The companies announced Thursday that they had agreed to merge. The combined airline will offer more than 6,700 daily flights to 336 destinations in 56 countries.
The complementary nature of the markets they serve should help the airlines avoid any major hurdles with antitrust regulators, industry experts say. And it will serve the merged company especially well in today’s airline business, which is all about scale.
Commercial aviation is increasingly dominated by mega-carriers that promise to whisk passengers around the globe with ease. They offer frequent flights to faraway destinations, often with just one change of planes _ sometimes none.
The first of these giant carriers was created in 2008 when Delta Air Lines bought Northwest, creating what was then the world’s largest airline. Two years later, United leapfrogged ahead when it merged with Continental.
American Airlines and US Airways languished in the shadows as these new behemoths lured away highly profitable corporate travel accounts. But by teaming up they’ll take the crown as the world’s largest airline and have a shot at winning back business travelers.

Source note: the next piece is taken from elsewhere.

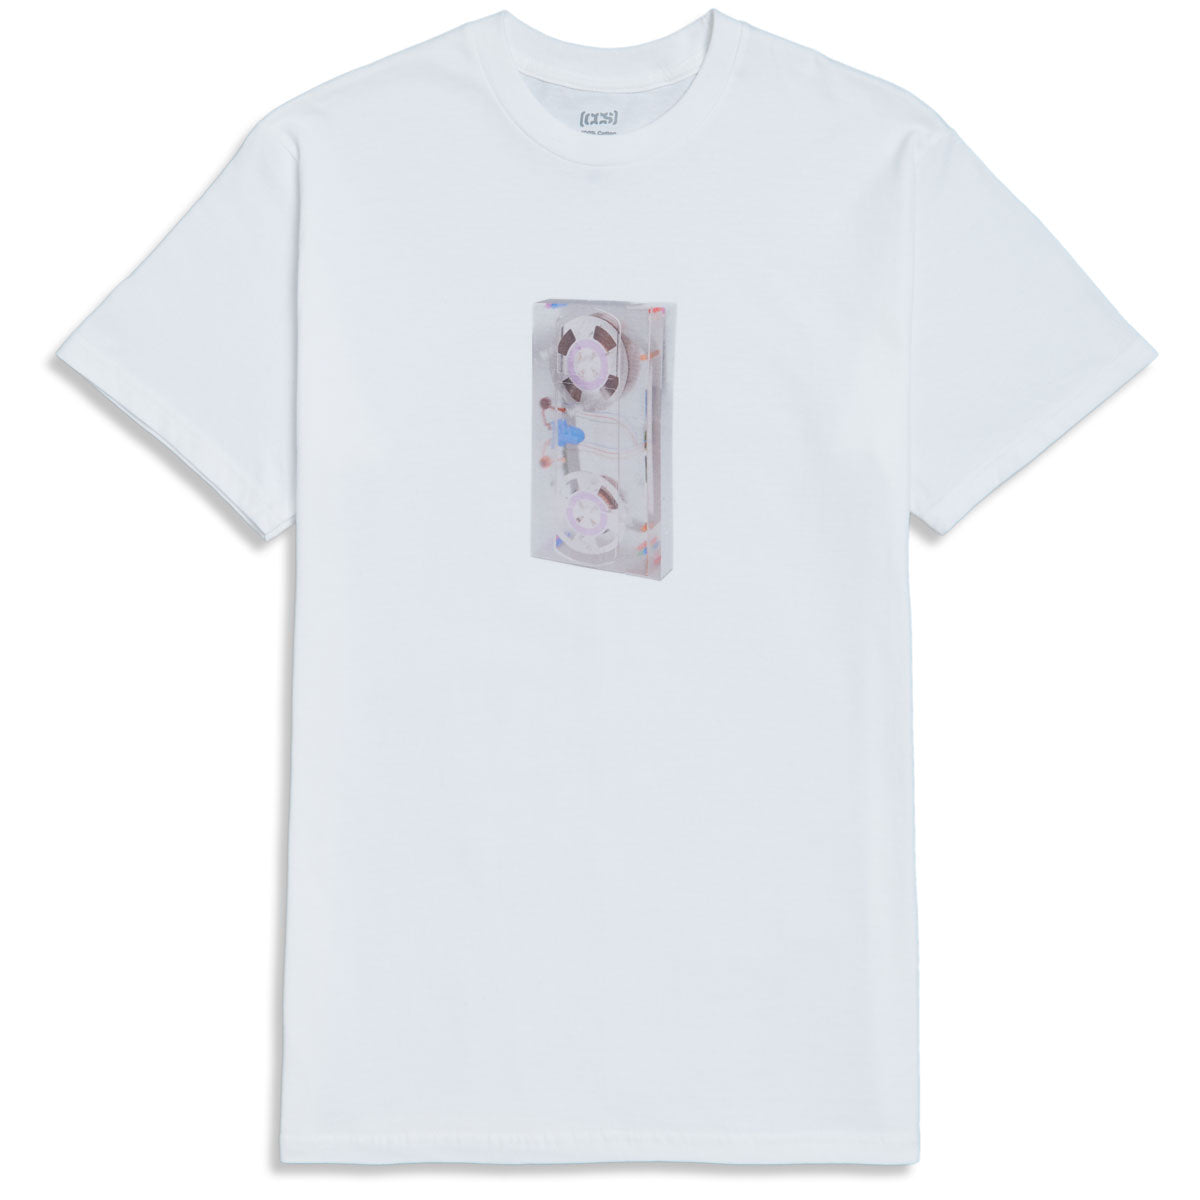 CCS Going Clear VHS T-Shirt - White - XL image 1
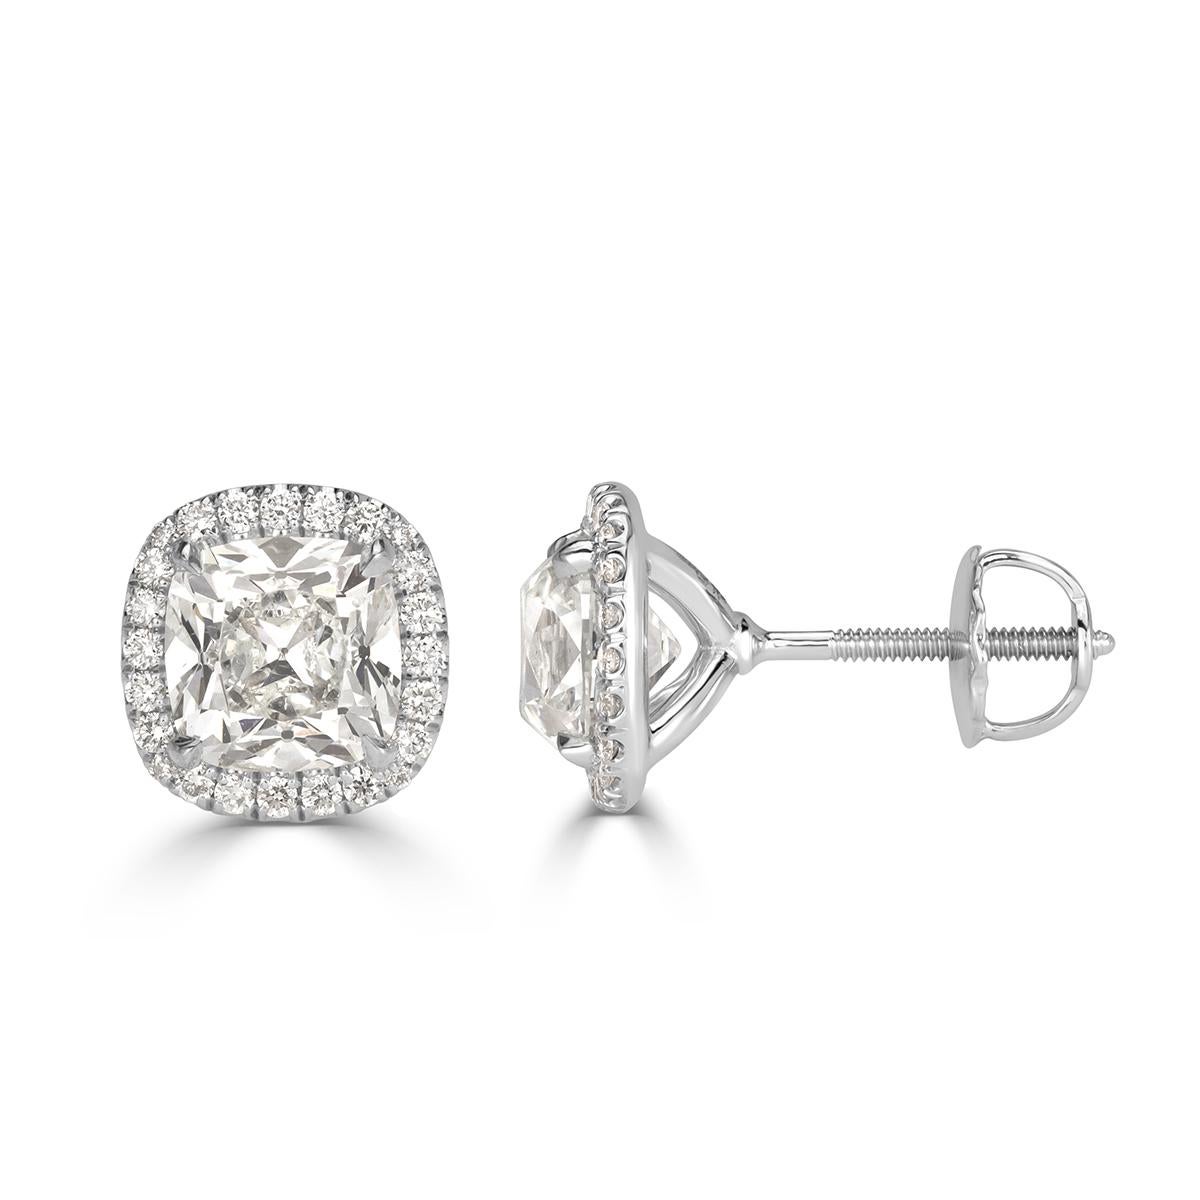 This gorgeous pair of diamond stud earrings showcases two old Mine cut center diamonds with a respective weight of 1.50ct each. They are both GIA certified at F in color, SI1- SI2 in clarity and accented by a shimmering halo of smaller round

Each airline brings something different to the table.
American has a strong presence in Dallas, Miami, Los Angeles, Chicago and New York. It is also the dominant U.S. player in Latin America. In Brazil alone, it has 111 weekly flights to seven different cities. American also has a lock on flights into London’s Heathrow Airport, one of the world’s key financial capitals.
US Airways is the principal carrier in Philadelphia, Charlotte, Phoenix and Washington, D.C. It also has routes into key European cities that American doesn’t directly serve, such as Amsterdam and Brussels.
US Airways doesn’t fly to Asia and American’s presence there is dwarfed by United and Delta’s substantial footprint.
But the real key to the merger is US Airways’ comprehensive service to small cities along the East Coast.
The airline’s CEO, Doug Parker, proudly told investors at the company’s June annual meeting that if his airline combined with American, it would have the largest market share east of the Rockies.
Both airlines need to capitalize off passengers traveling from those small cities, such as Allentown, Penn., Elmira, N.Y., and Lynchburg, Va.
For instance, American can charge high fares for flights to London but can only make money off the flight if it can fill it with enough passengers. Those passengers can come from US Airways’ network.
“US Airway (currently) loses money on that short segment, but if they can carry that passenger to another major hub or fly them internationally, they capture that incremental revenue,” says Vaughn Cordle, an airline analyst and co-founder of Ionosphere Capital.
American would also gain US Airways’ lucrative shuttle service between New York, Boston and Washington D.C.